Java programs are built from classes, every method and field has to be in a class. This is due to its object-oriented feature: everything is an object which is an instance of a class. Object-oriented programming languages have a lot of advantages over functional programming languages such as better modularity, extensibility, etc.

2. Why there is always a “main” method?

The “main” method is the program entrance and it is static. “static” means that the method is part of its class, not part of objects.

Why is that? Why don’t we put a non-static method as program entrance?

If a method is not static, then an object needs to be created first to use the method. Because the method has to be invoked on an object. For the entrance purpose, this is not realistic. We can not get an egg without a chicken. Therefore, program entrance method is static.

The parameter “String[] args” indicates that an array of strings can be sent to the program to help with program initialization.

3. Bytecode of HelloWorld

To execute the program, Java file is first compiled to java byte code stored in the .class file. What does the byte code look like? The byte code itself is not readable. If we use a hex editor, it looks like the following:

java-bytecode-example

We can see a lot of opcode(e.g. CA, 4C, etc) in the bytecode above, each of them has a corresponding mnemonic code (e.g., aload_0 in the example below). The opcode is not readable, but we can use javap to see the mnemonic form of a .class file.

“javap -c” prints out disassembled code for each method in the class. Disassembled code means the instructions that comprise the Java bytecodes.

javap -classpath .  -c HelloWorld
Compiled from "HelloWorld.java"
public class HelloWorld extends java.lang.Object{
public HelloWorld();
  Code:
   0:	aload_0
   1:	invokespecial	#1; //Method java/lang/Object."<init>":()V
   4:	return
 
public static void main(java.lang.String[]);
  Code:
   0:	getstatic	#2; //Field java/lang/System.out:Ljava/io/PrintStream;
   3:	ldc	#3; //String Hello World
   5:	invokevirtual	#4; //Method java/io/PrintStream.println:(Ljava/lang/String;)V
   8:	return
}

The code above contains two methods: one is the default constructor, which is inferred by the compiler; the other is the main method.
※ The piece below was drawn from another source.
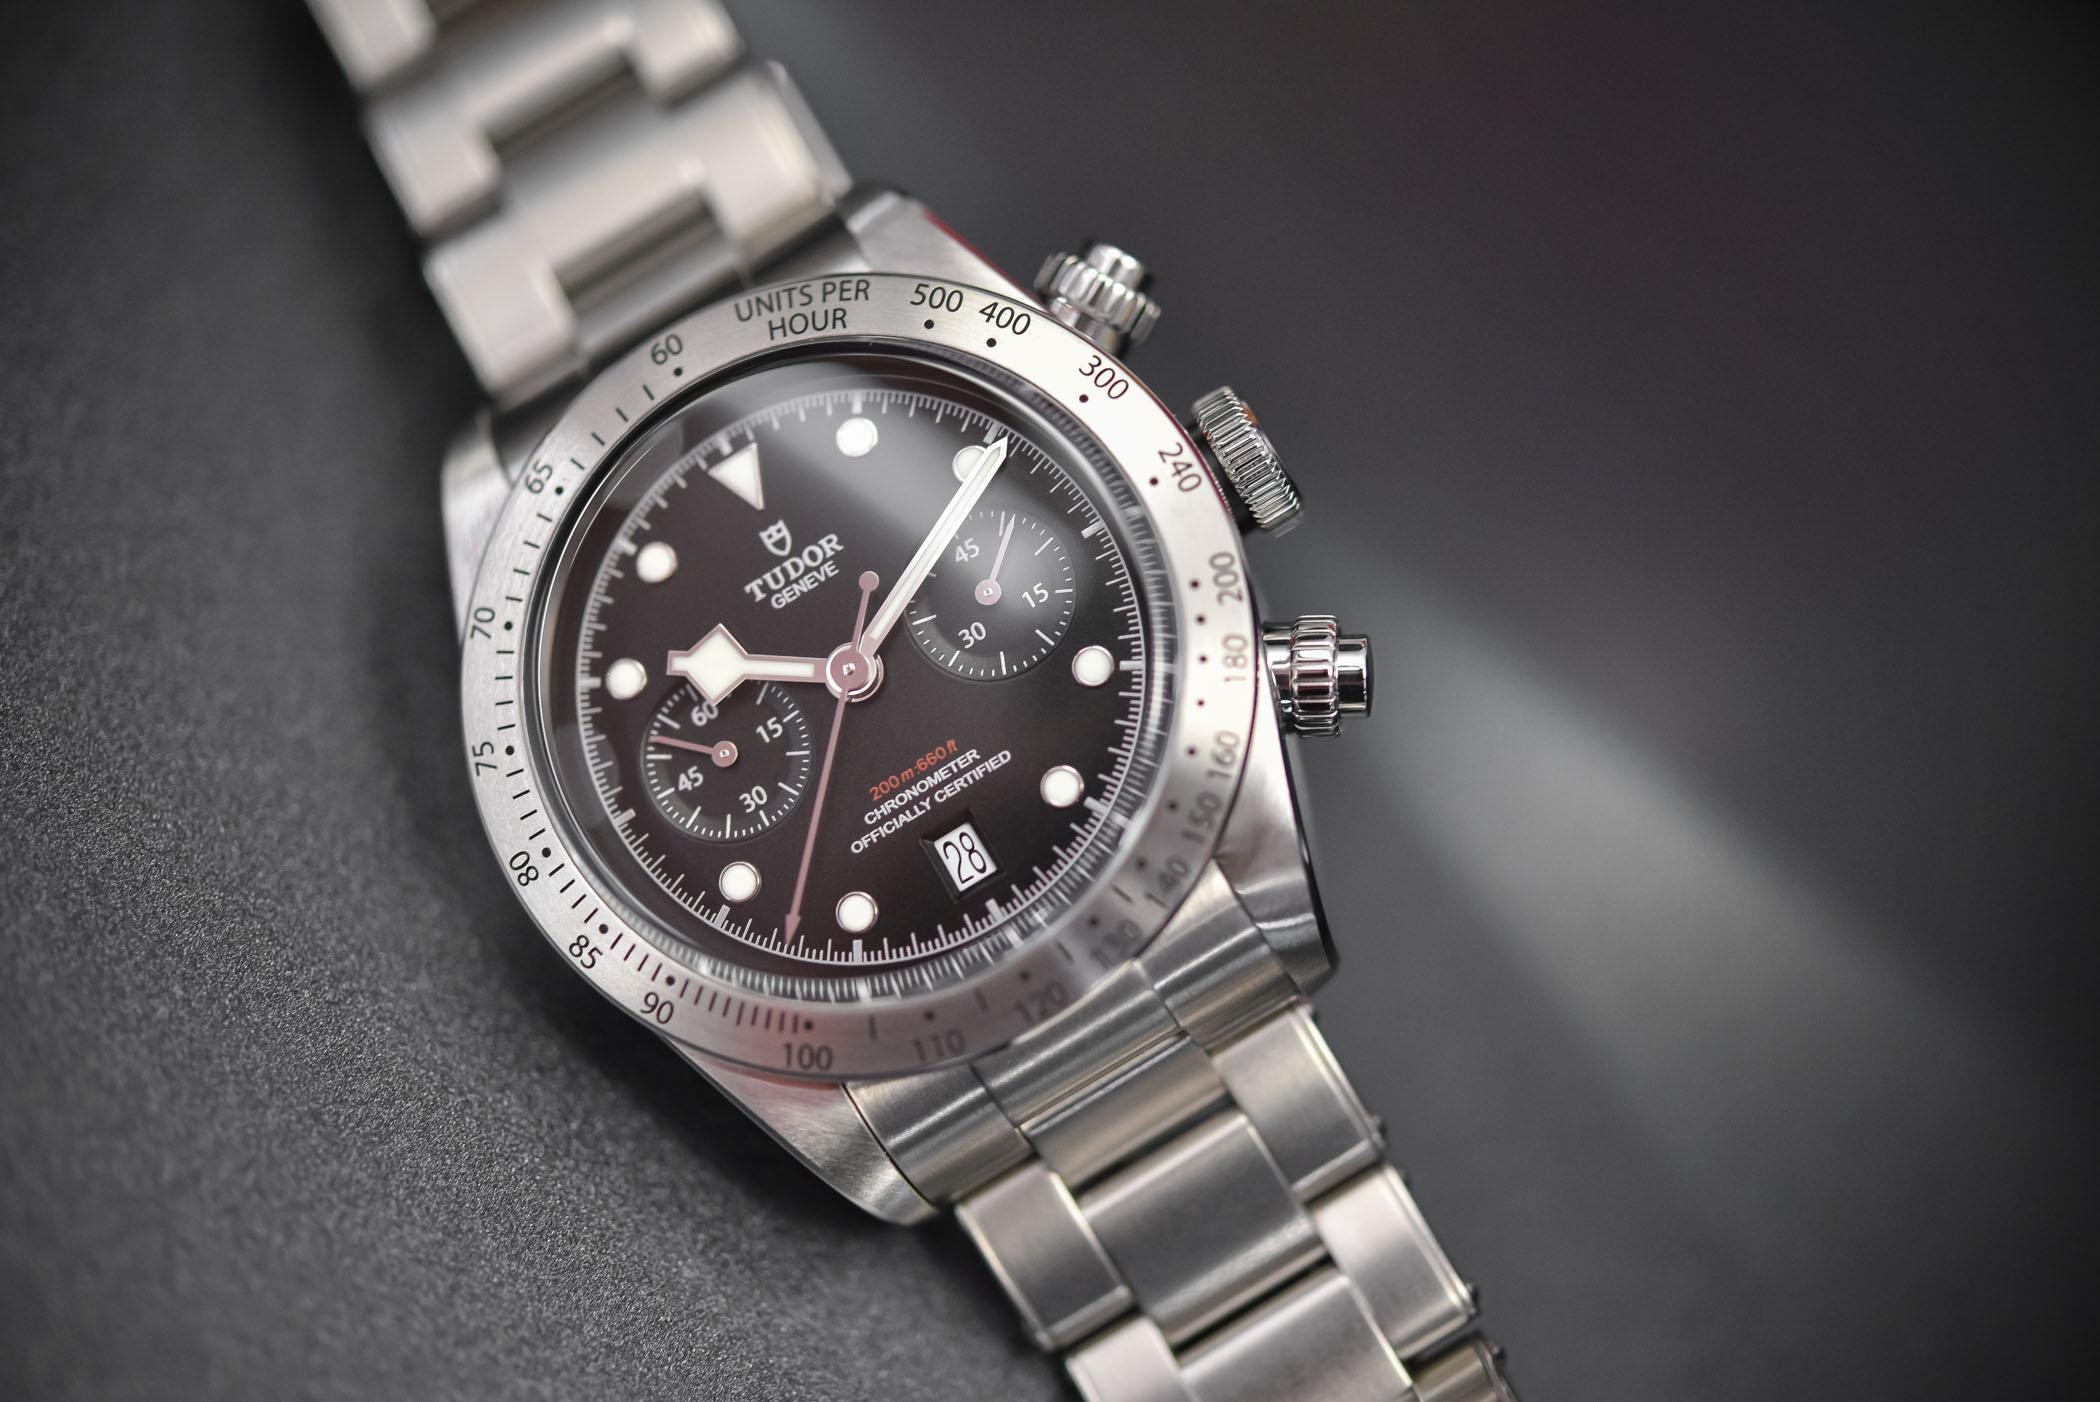 6162b25685e Review - Tudor Heritage Black Bay Chrono M79350 (Specs & Price)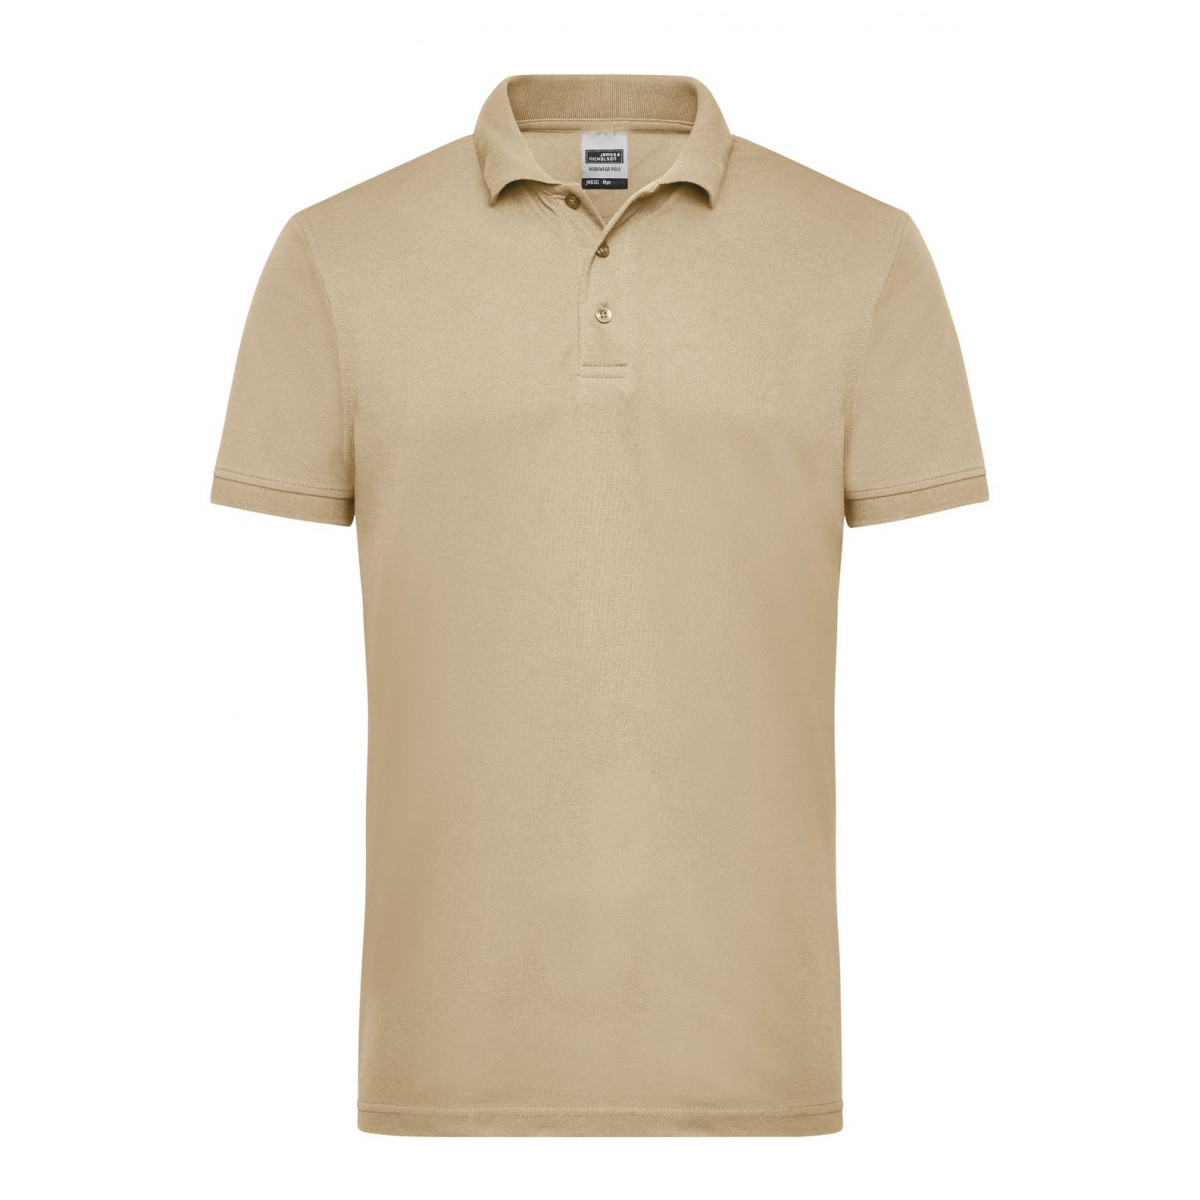 Рубашка поло мужская JN830 Mens Workwear Polo - Бежевый

Below each method, there are a sequence of instructions, such as aload_0, invokespecial #1, etc. What each instruction does can be looked up in Java bytecode instruction listings. For instance, aload_0 loads a reference onto the stack from local variable 0, getstatic fetches a static field value of a class. Notice the “#2” after getstatic instruction points to the run-time constant pool. Constant pool is one of the JVM run-time data areas. This leads us to take a look at the constant pool, which can be done by using “javap -verbose” command.

In addition, each instruction starts with a number, such as 0, 1, 4, etc. In the .class file, each method has a corresponding bytecode array. These numbers correspond to the index of the array where each opcode and its parameters are stored. Each opcode is 1 byte long and instructions can have 0 or multiple parameters. That’s why these numbers are not consecutive.

Now we can use “javap -verbose” to take a further look of the class.

javap -classpath . -verbose HelloWorld
Compiled from "HelloWorld.java"
public class HelloWorld extends java.lang.Object
  SourceFile: "HelloWorld.java"
  minor version: 0
  major version: 50
  Constant pool:
const #1 = Method	#6.#15;	//  java/lang/Object."<init>":()V
const #2 = Field	#16.#17;	//  java/lang/System.out:Ljava/io/PrintStream;
const #3 = String	#18;	//  Hello World
const #4 = Method	#19.#20;	//  java/io/PrintStream.println:(Ljava/lang/String;)V
const #5 = class	#21;	//  HelloWorld
const #6 = class	#22;	//  java/lang/Object
const #7 = Asciz	<init>;
const #8 = Asciz	()V;
const #9 = Asciz	Code;
const #10 = Asciz	LineNumberTable;
const #11 = Asciz	main;
const #12 = Asciz	([Ljava/lang/String;)V;
const #13 = Asciz	SourceFile;
const #14 = Asciz	HelloWorld.java;
const #15 = NameAndType	#7:#8;//  "<init>":()V
const #16 = class	#23;	//  java/lang/System
const #17 = NameAndType	#24:#25;//  out:Ljava/io/PrintStream;
const #18 = Asciz	Hello World;
const #19 = class	#26;	//  java/io/PrintStream
const #20 = NameAndType	#27:#28;//  println:(Ljava/lang/String;)V
const #21 = Asciz	HelloWorld;
const #22 = Asciz	java/lang/Object;
const #23 = Asciz	java/lang/System;
const #24 = Asciz	out;
const #25 = Asciz	Ljava/io/PrintStream;;
const #26 = Asciz	java/io/PrintStream;
const #27 = Asciz	println;
const #28 = Asciz	(Ljava/lang/String;)V;
 
{
public HelloWorld();
  Code:
   Stack=1, Locals=1, Args_size=1
   0:	aload_0
   1:	invokespecial	#1; //Method java/lang/Object."<init>":()V
   4:	return
  LineNumberTable: 
   line 2: 0
 
 
public static void main(java.lang.String[]);
  Code:
   Stack=2, Locals=1, Args_size=1
   0:	getstatic	#2; //Field java/lang/System.out:Ljava/io/PrintStream;
   3:	ldc	#3; //String Hello World
   5:	invokevirtual	#4; //Method java/io/PrintStream.println:(Ljava/lang/String;)V
   8:	return
  LineNumberTable: 
   line 9: 0
   line 10: 8
}

From JVM specification: The run-time constant pool serves a function similar to that of a symbol table for a conventional programming language, although it contains a wider range of data than a typical symbol table.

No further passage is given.